Instructions for the task →
Using the material that follows, output exactly the lines from the one containing "Shopping Center in Roseville, California" through the one containing "去屑控油 500g 27", with both ends kept.

Extracted data →
====
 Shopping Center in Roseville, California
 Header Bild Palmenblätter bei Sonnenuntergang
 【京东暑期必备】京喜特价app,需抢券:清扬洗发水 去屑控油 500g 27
====
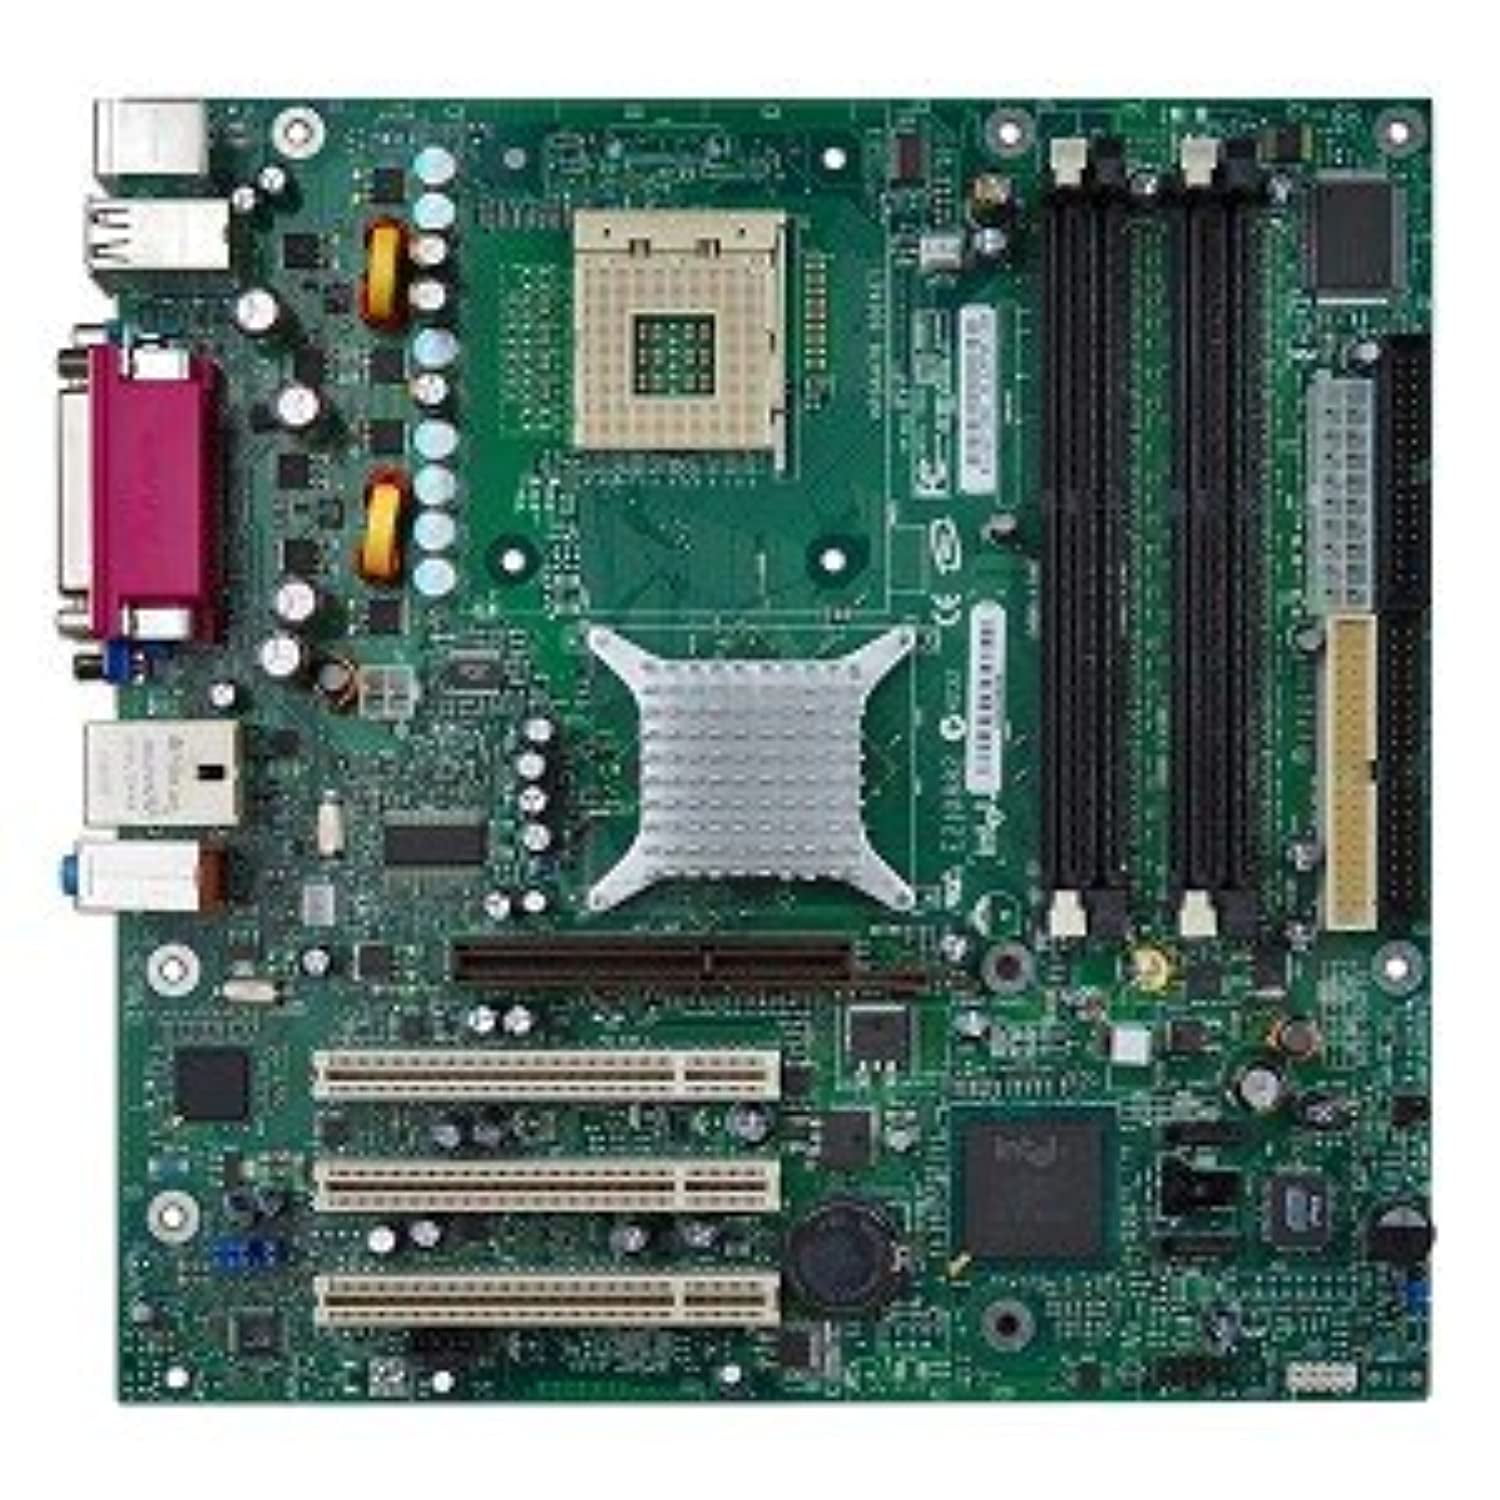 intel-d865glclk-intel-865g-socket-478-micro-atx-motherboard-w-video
====
Response area →
 Shopping Center in Roseville, California
 Header Bild Palmenblätter bei Sonnenuntergang
 【京东暑期必备】京喜特价app,需抢券:清扬洗发水 去屑控油 500g 27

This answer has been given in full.